The most interesting one for me is if you're running a SaaS product like Notion where your users create custom applications that manage their own small schema-based data tables.
Letting users create full custom PostgreSQL tables can get complex - do you want to manage tens of thousands of weird custom tables in a PostgreSQL schema somewhere?
I'd much rather manage tens of thousands of rows in a table where one of the columns is a BLOB with a little SQLite database in it.
> Letting users create full custom PostgreSQL tables can get complex - do you want to manage tens of thousands of weird custom tables in a PostgreSQL schema somewhere?
Yea, I'd be fine with that - postgres has the concept of databases and schemas within those databases. If you really want to build a product like that I'd suggest starting with per-tenant schemas that leverage table inheritance as appropriate. The permissions would be pretty easy to manage.
Though, in a lot of cases I've actually seen this done every client ends up with a dedicated server (or container - whatever tech you use to do it, something completely isolated from other instances) because user version management ends up being a huge issue. When you're building something that custom it's highly likely that version migrations need to be done with client oversight to ensure everything actually works.

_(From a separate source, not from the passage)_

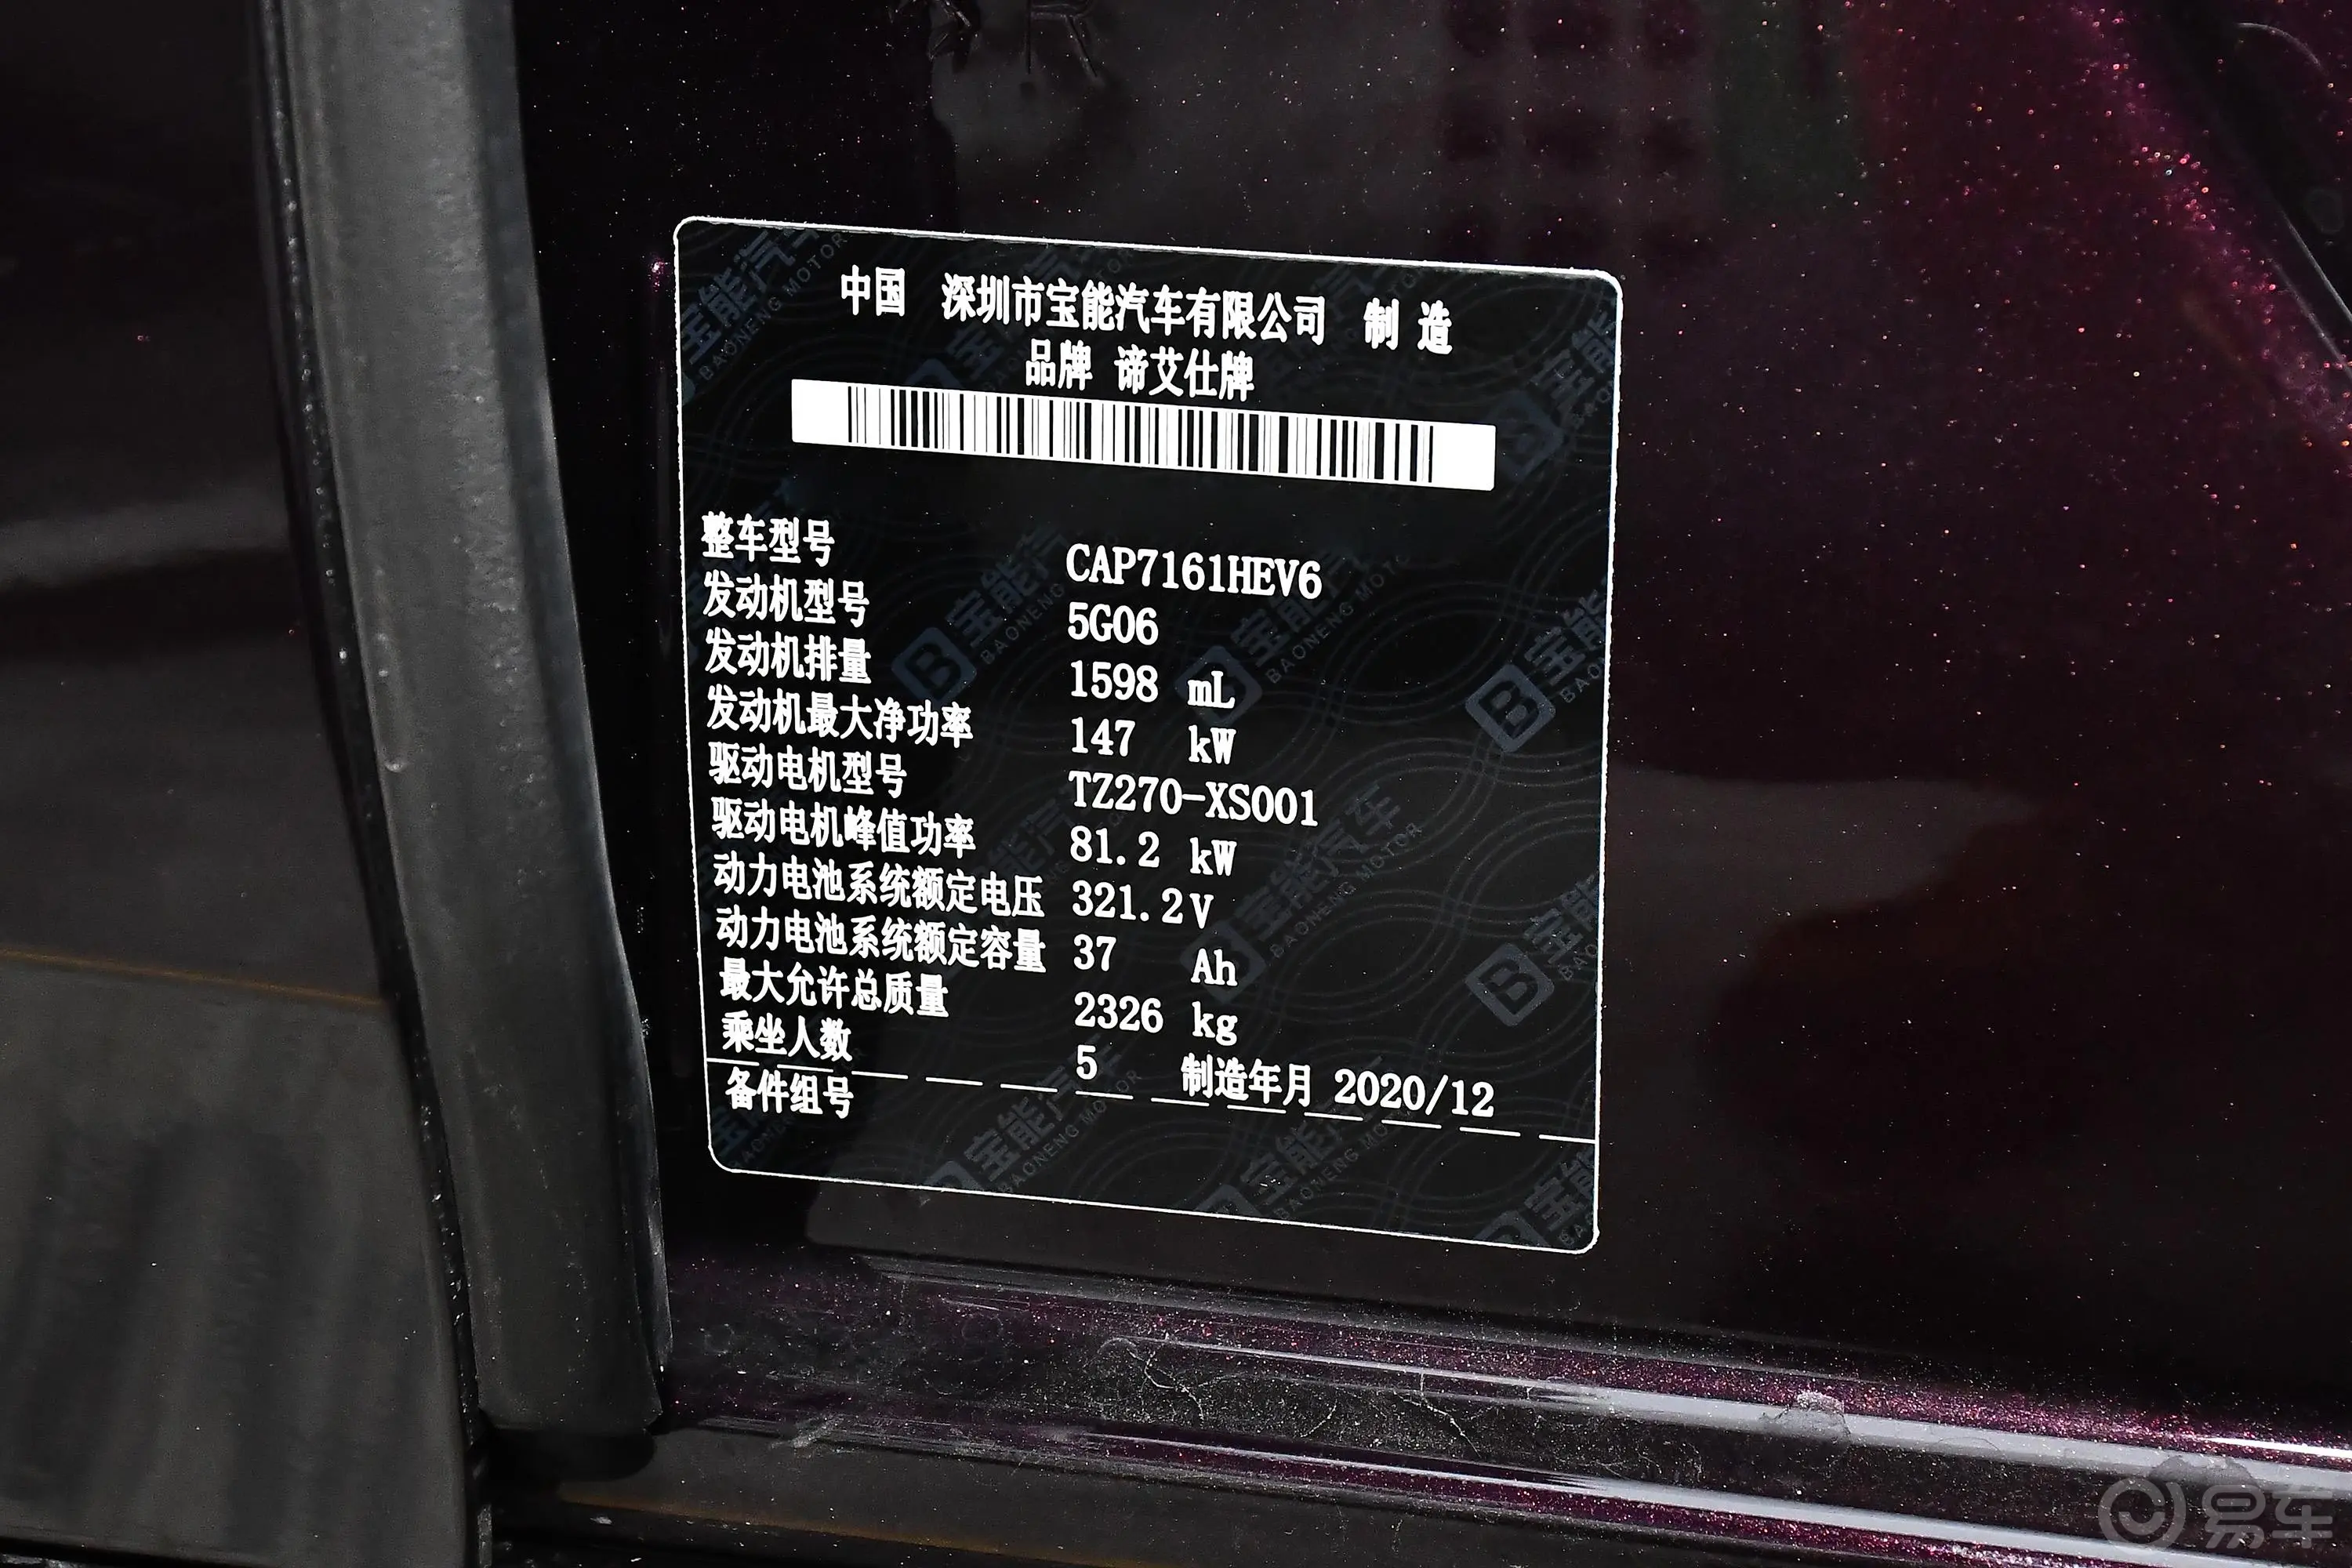 DS 9 E-TENSE1.6T 里沃利版车辆信息铭牌

I have yet to find an actual real world case where the inner-platform effect is the right solution. Usually when tools like that are selected the software ends up being so generic and flexible that's it's useless. Custom application/BI environment development relies on really judiciously telling users they can't have most features - with the hard part being figuring out which features are necessary and which ones you can cut to reduce bloat.

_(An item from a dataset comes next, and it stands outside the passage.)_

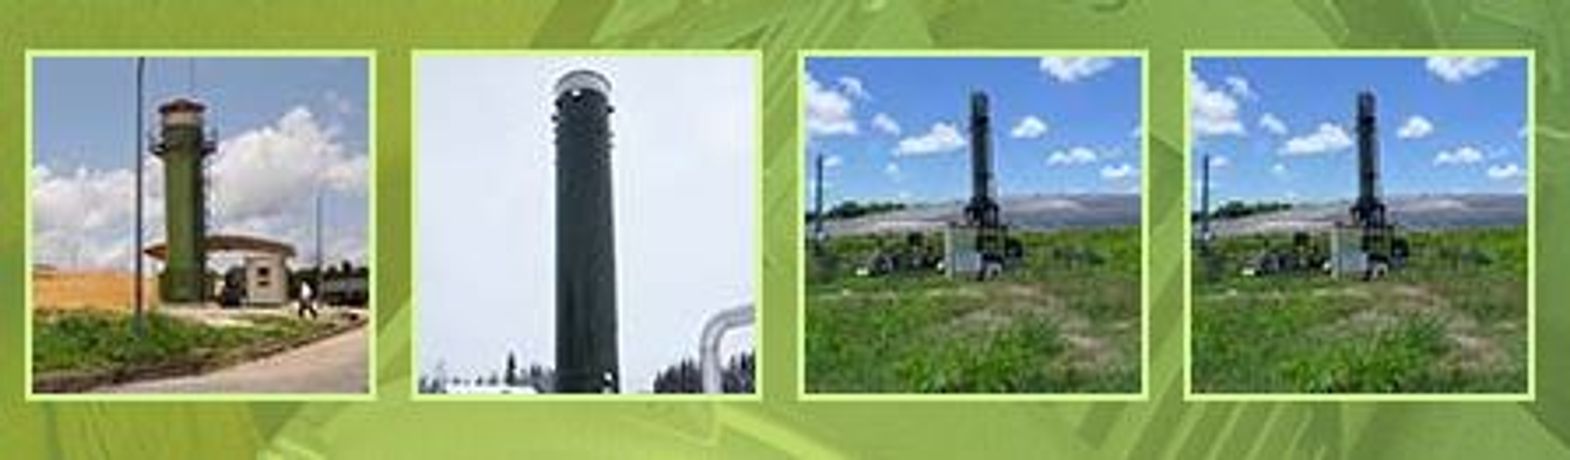 Puti Energy - Biogas and Landfill Flare

Notion has 100 million users, managing schema-per-tenant at our scale sounds like a complexity nightmare. We have 480+ identical schemas across 100+ Postgres hosts, and that already takes a lot of brainpower & engineering time to manage T_T
> managing schema-per-tenant at our scale sounds like a complexity nightmare.
The per-tenant schema could be the tenant's responsibility. Most non-technical users can handle the idea of tables & columns, assuming you leverage UI/UX patterns they are already familiar with.
As long as we never add new features, never need to change how we map UI <-> Postgres DDL, and our users never make any mistakes when they change their tables, it could work without being a complexity nightmare
Why not use jsonb for this kind of thing? Store the schema in one table, one per client, or perhaps one per table per client, and then store the data for that in another table, segregated by customer and table type, with row data stored in a JSONB field using that table's schema.
I normally don't like using JSONB when I could have a rigorous schema, but this sort of application seems reasonable.
You manage a fleet of devices that need to get operating parameters regularly, but they're complicated and SQLite is a great mechanism for sending that.
So at the backend you have a postgres database that contains the device details etc as well as the operating parameters for that device.
You can update the operating parameters as part of a postgres transaction so either all the BLOBs are updated, or none.
Using /tmp on the postgres cluster (server) is a bit of a hack, it would be nicer to have memory based SQLite blobs.
In terms of security, you get Postgres row level security, so each SQLite value is protected in the same way as the rest of the row.
The top line of the README says: "Embed an SQLite database in your PostgreSQL table. AKA multitenancy has been solved."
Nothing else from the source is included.